Communicating With Your Child
by Greg Baker

When communicating with children it is important to keep your goals in mind. The younger the child, the more difficult it is to reason with a child. A very young child won't be able to give you the reasoning for his actions.

"Why did you hit your brother?" you demand.

"Because I hit him?" your child may reply.

As your child grows older, his reason and reasoning skills begin to develop. You can converse with a twelve year old in a manner impossible five years previous.

So what are goals in parenting?

1. As a child, we'll say between birth and twelve, you want to capture this child's heart.

2. As a teenager, we'll say between twelve and leaving home, you want to give your teenager understanding. You want to prepare them for life, marriage, childrearing, a job, handling money, building relationships, and so much more. Don't leave that to the schools. You do it, parent. But this will be very difficult to do if you don't capture your child's heart in those younger years.

With these goals in mind, how do you communicate with your child? There are several methods and techniques to consider. A child understands three things. If you are able to do these three things, you will not only have a better chance of communicating what you want to your child, but you'll have ample opportunity to win his or her heart.

COMMUNICATE WITH YOUR TIME

We've all heard that a child spells love, T I M E. There is a lot of truth to this. Giving your child your time is one of the best communicative methods at your disposal.

A child understands attention. Give him equal attention for doing right as you do for when he does wrong. So many times we only show a child attention when they mess up and do wrong. But that is not wise. Praise them for doing right. Spend time with your child.

Children react to the time you give them. Both parents need to get involved if possible. This is a must. Too often, only the mother will give her time to a child while the father does not. I can trace many behavior problems to this issue. A loving father who spends time with his children, along with mom, will see a marked improvement in the behavior of his children.
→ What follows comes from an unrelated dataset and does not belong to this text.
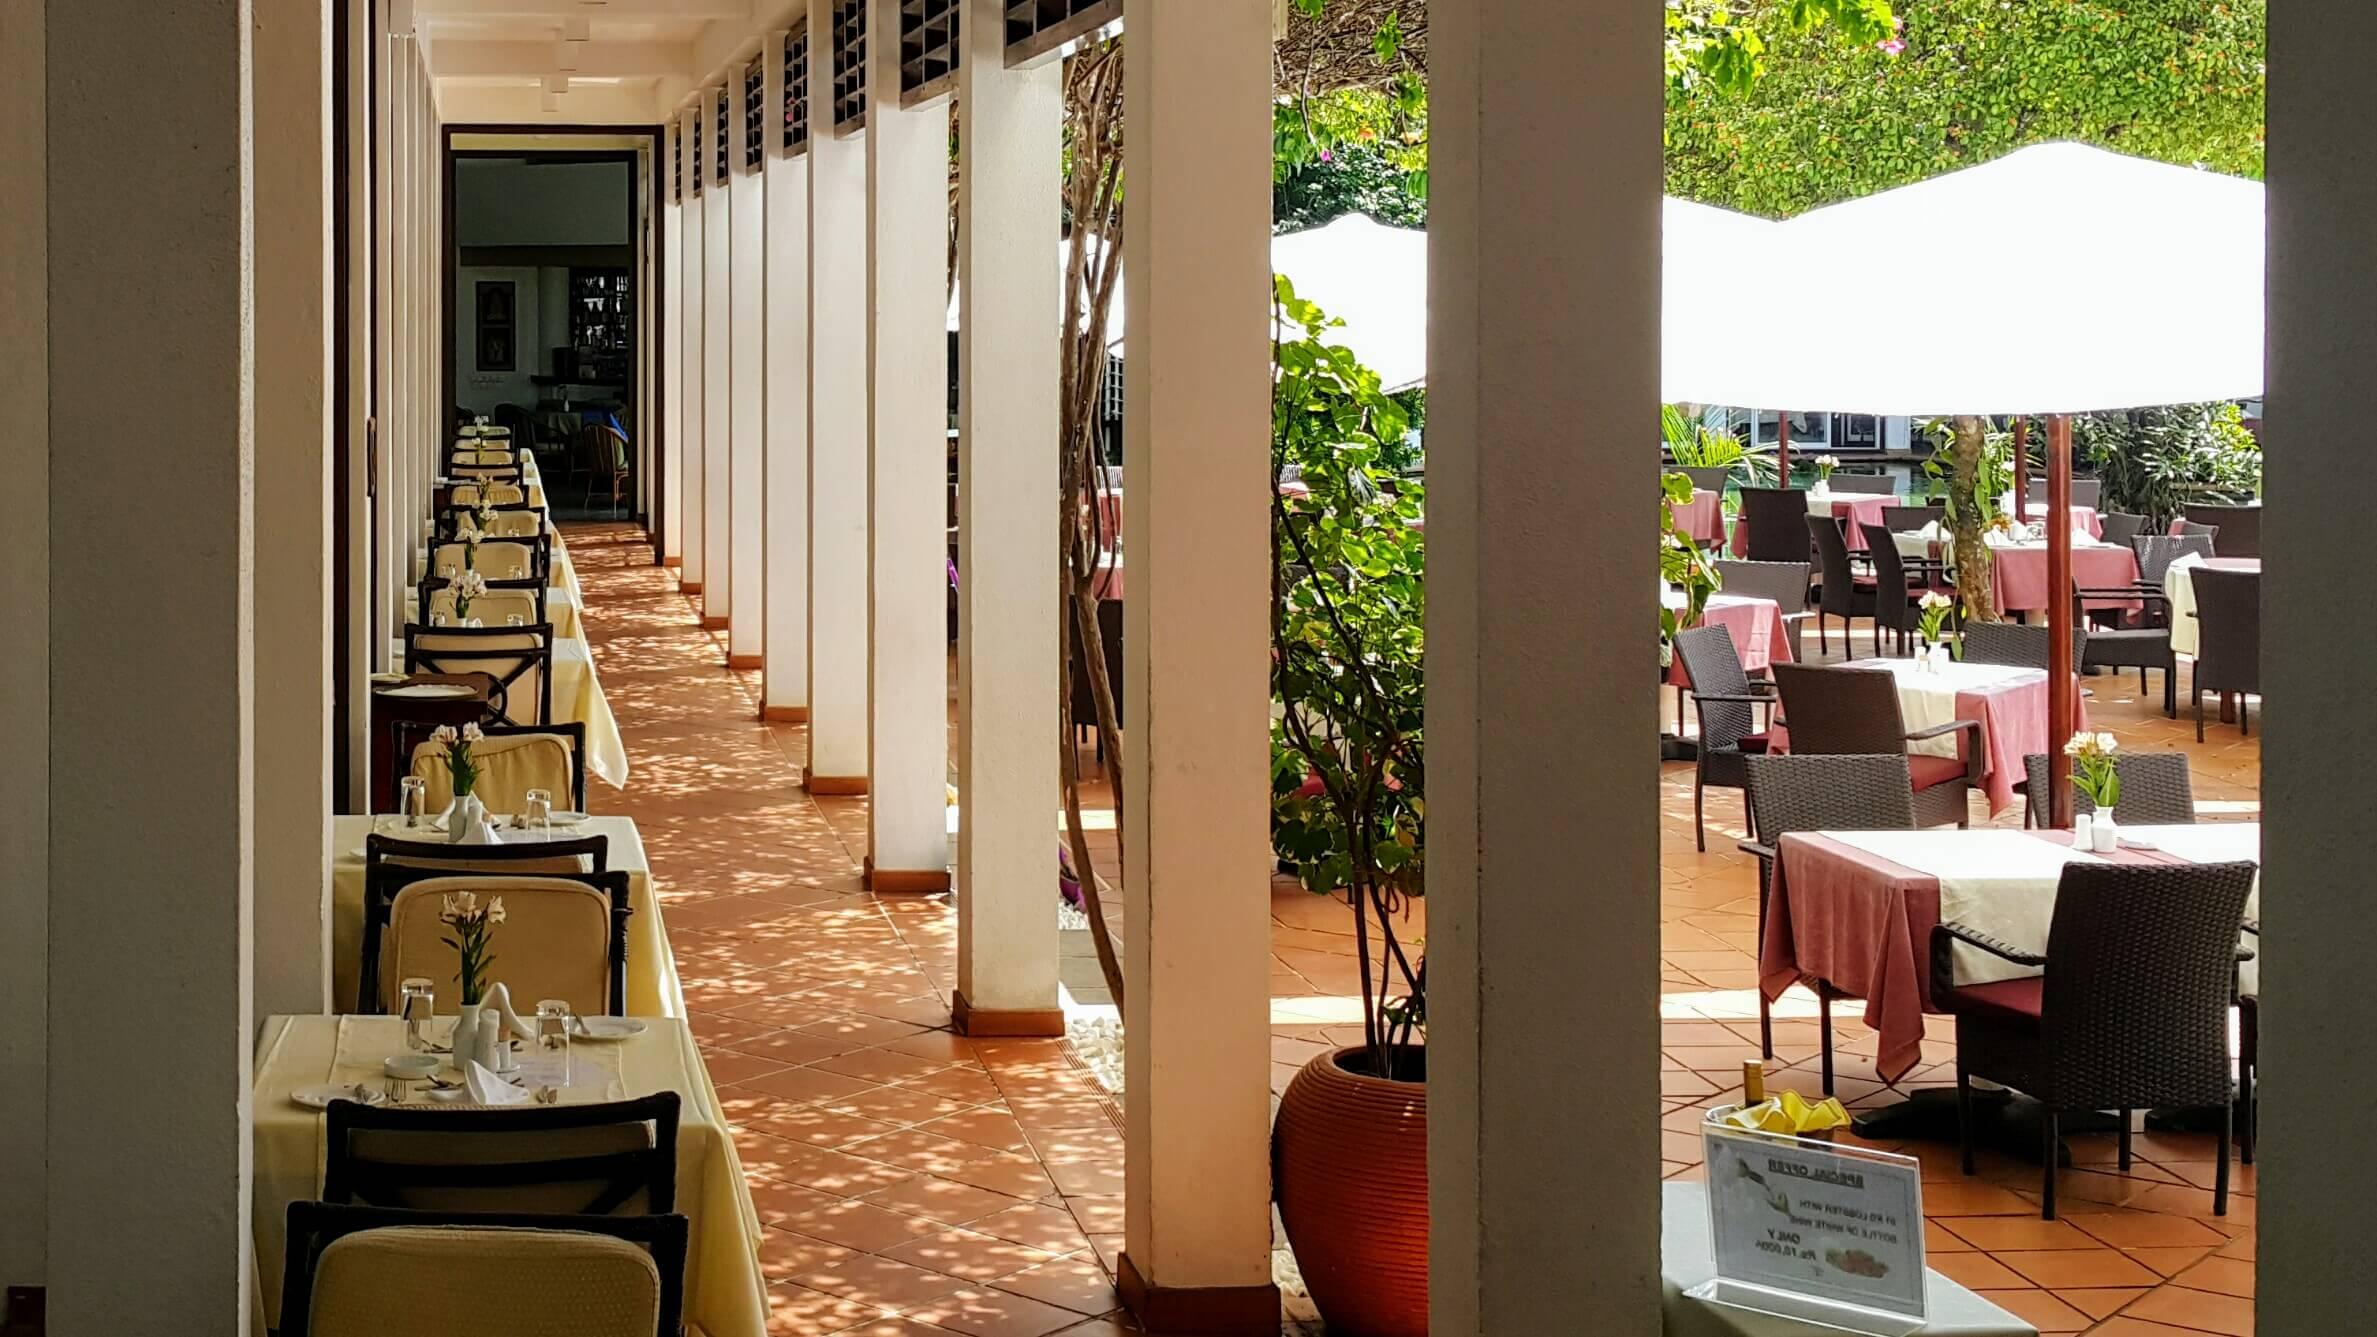 Restaurant Terrasse im Lanka Princess, dem Ayurveda Hotel in Sri Lanka unter deutschen Leitung

A child emulates and role plays. This is how they understand life. If you spend time with your child, they will emulate and try to role play you. This is a great way to communicate with your children.

COMMUNICATE WITH CONSISTENCY

I just mentioned how a child loves to emulate and role play. They will do this instinctively with those that spend the most time with them. But as you do that, be consistent.

A child will quickly get confused if you aren't predictable to him. He wants to be like you, but being like you is inconsistent. You don't communicate with a child through inconsistent living.

All growing up, I never once heard my parents argue. This became a source of security in my young life. My parents were incredibly consistent in this and it did speak to me, it did give me peace. I never worried about what might happen when I got home. Home was always peaceful and fun.

Be consistent in your love and discipline. A child understands this. Communication with a child is more of being the right role model and example to emulate and duplicate. Their understanding and reasoning is insufficient to fully comprehend the whys and wherefores of all that you do. But at a young age, that isn't important. You communicate by being the example.

I have four boys. I asked the oldest three what they want to be when they grow up. All of them said, "I want to be a Preacher." That is what I am. I pastor a church. They may or may not grow up to become a pastor. That is between them and God. But at this age, that's exactly what I aimed for. They want to emulate and role play their daddy. Through that avenue of a role model, I can convey what I believe, convey my morals and values to them.

But, being one thing at Church and another at home will destroy all of that. I must be consistent before them. This is essential!

COMMUNICATE WITH DISCIPLINE

There are many ways to discipline a child. But time consuming, consistent discipline is a necessary form of communication with a child. They need to know what is acceptable, what is not, what they can do, what they can't do, what they should do, what they shouldn't do, and so forth.

Discipline is your means of conveying that. Some parents either won't or don't discipline their childor worse, are inconsistent with it, and never communicate the proper behaviors to their children. It is through loving discipline that a child learns right from wrong.

When I must discipline one of my children, I take time to do it. Yes, I talk about the rights and wrongs of his action. But I don't expect him to fully understand. I just want him to have the knowledge so that later it may dawn on him. But at a young age, it is the discipline that communicates that they need to do things differently. For my wife and I, discipline is a process. We try to never discipline in anger, and we try to spend time with the child immediately after to let him know that all is forgiven. In fact, I try my best to get them to laugh.

YOU MUST EMPLOY ALL THREE FORMS OF COMMUNICATION

This is essential. If you only discipline, but never spend time with your child you will be sending the wrong message. If you spend time and discipline but are inconsistent, you'll generate confusion and most likely that reveal itself in behavioral problems. If you spend consistent time with your child but never discipline them, you'll probably see their moral compass get skewed in some way.

To communicate with your child, you need to employ all three forms of communication. This will reach your child's heart and you'll be able to communicate all the things you want to teach your child through the example you set.